* **TASK INSTRUCTIONS**
Transcribe everything in the listing as written, and let no image into the copy.

* **THE DATA**
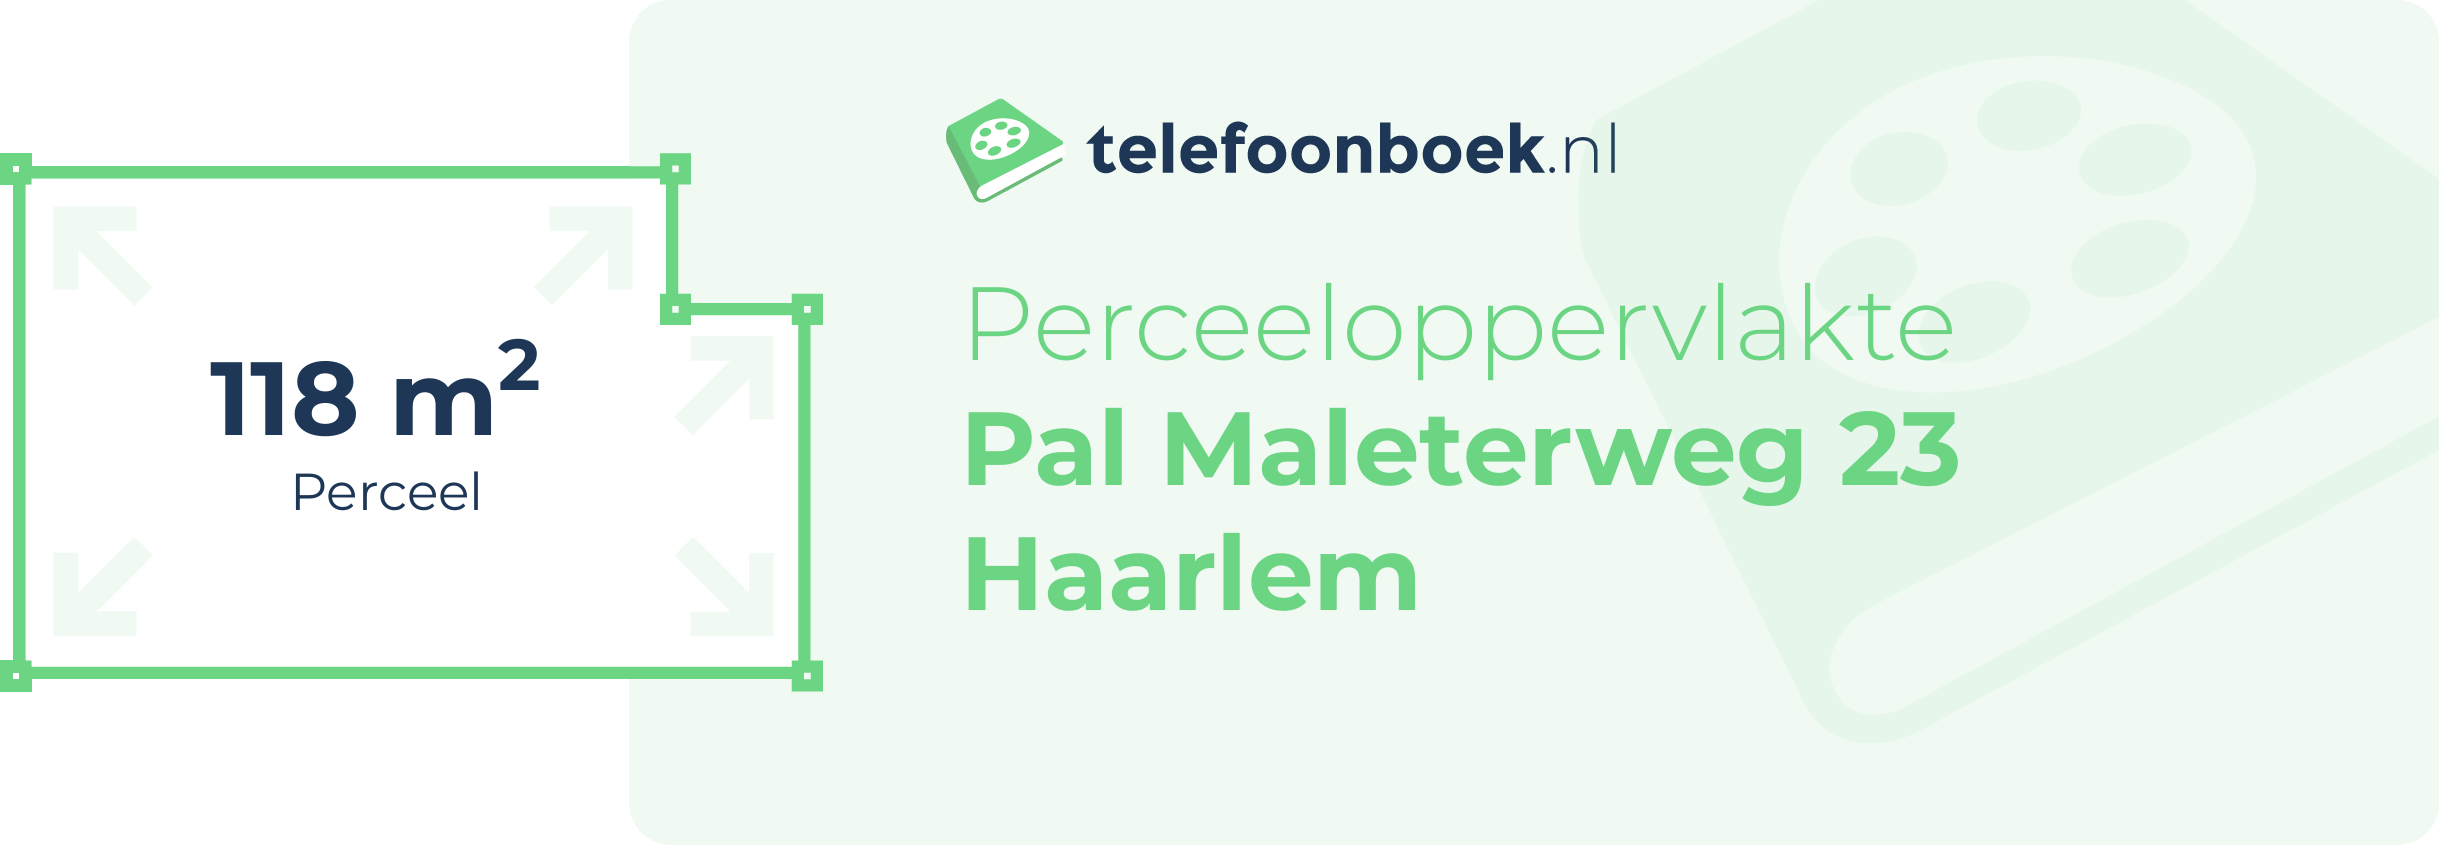 Perceeloppervlakte Pal Maleterweg 23 Haarlem
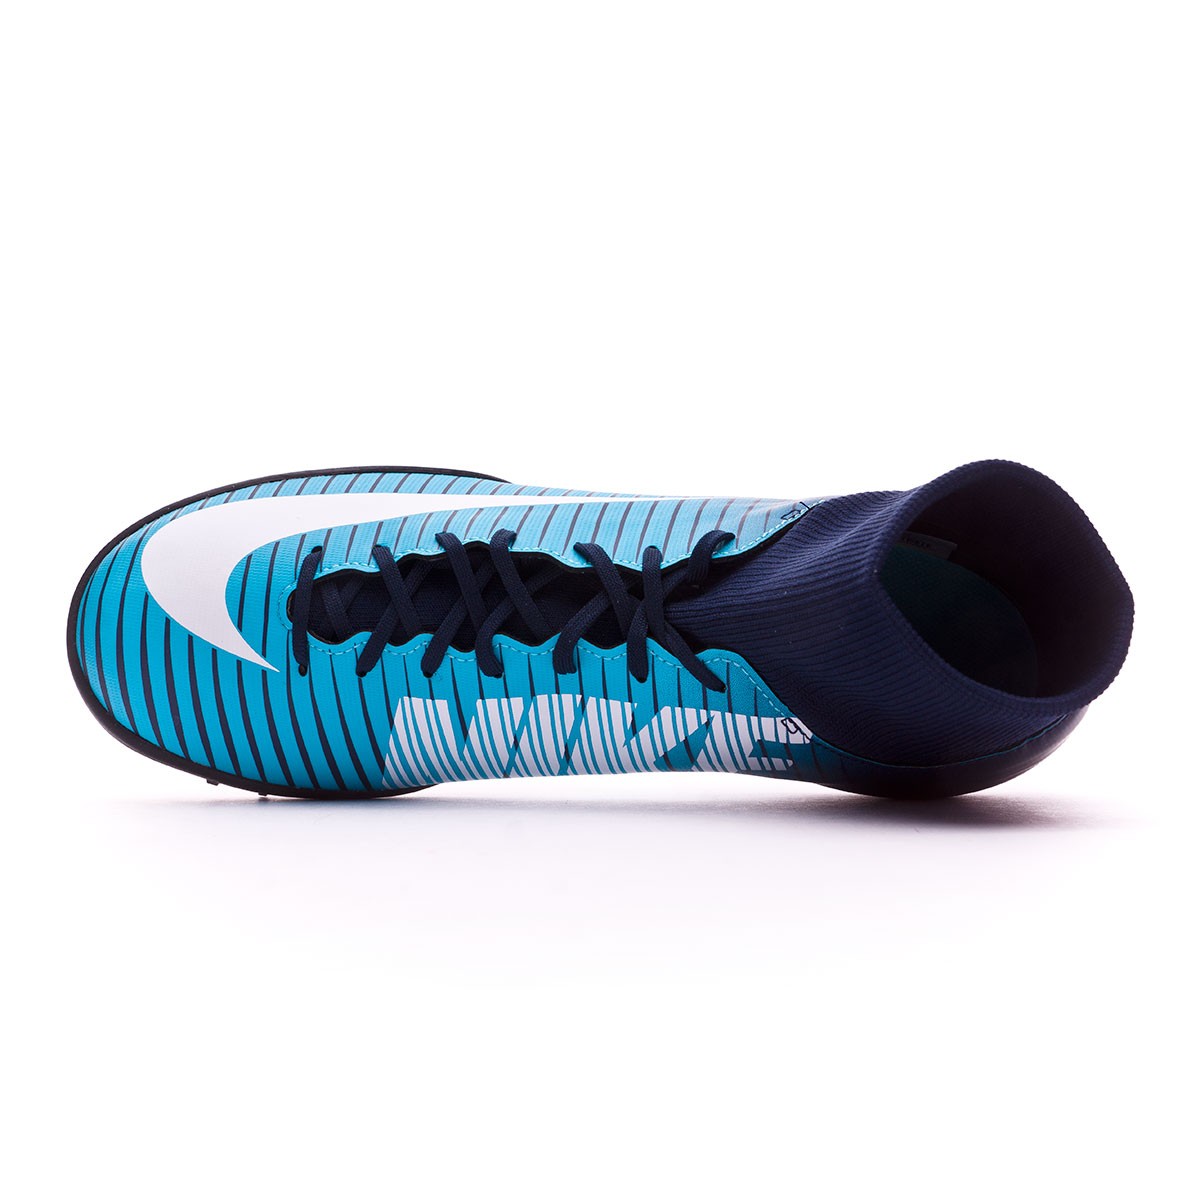 Nike hypervenom football boots Football Equipment for Sale
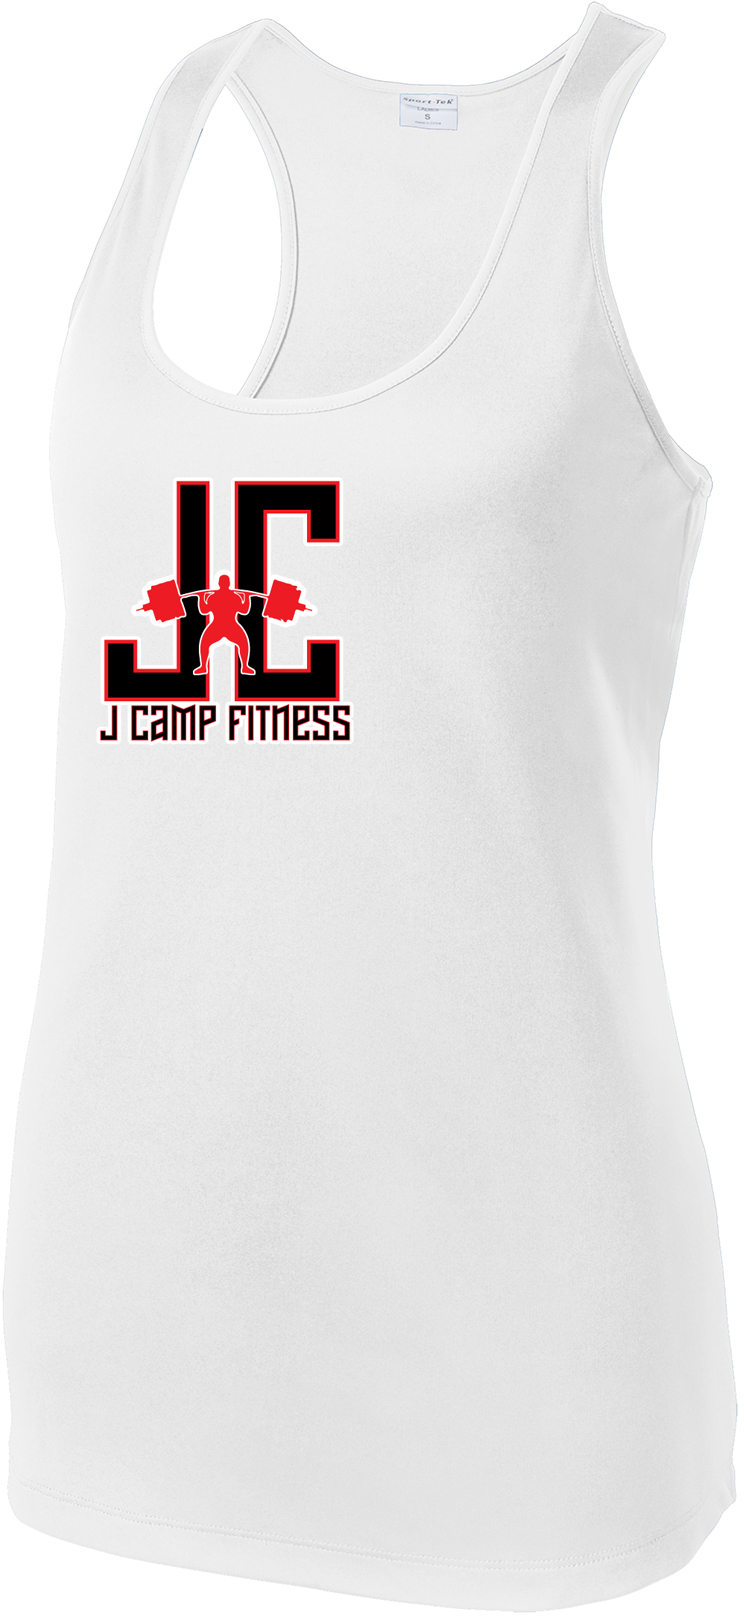 J Camp Fitness Women's Racerback Tank

* **EXPECTED OUTPUT**
 Perceeloppervlakte Pal Maleterweg 23 Haarlem
 Nike hypervenom football boots Football Equipment for Sale
 J Camp Fitness Women's Racerback Tank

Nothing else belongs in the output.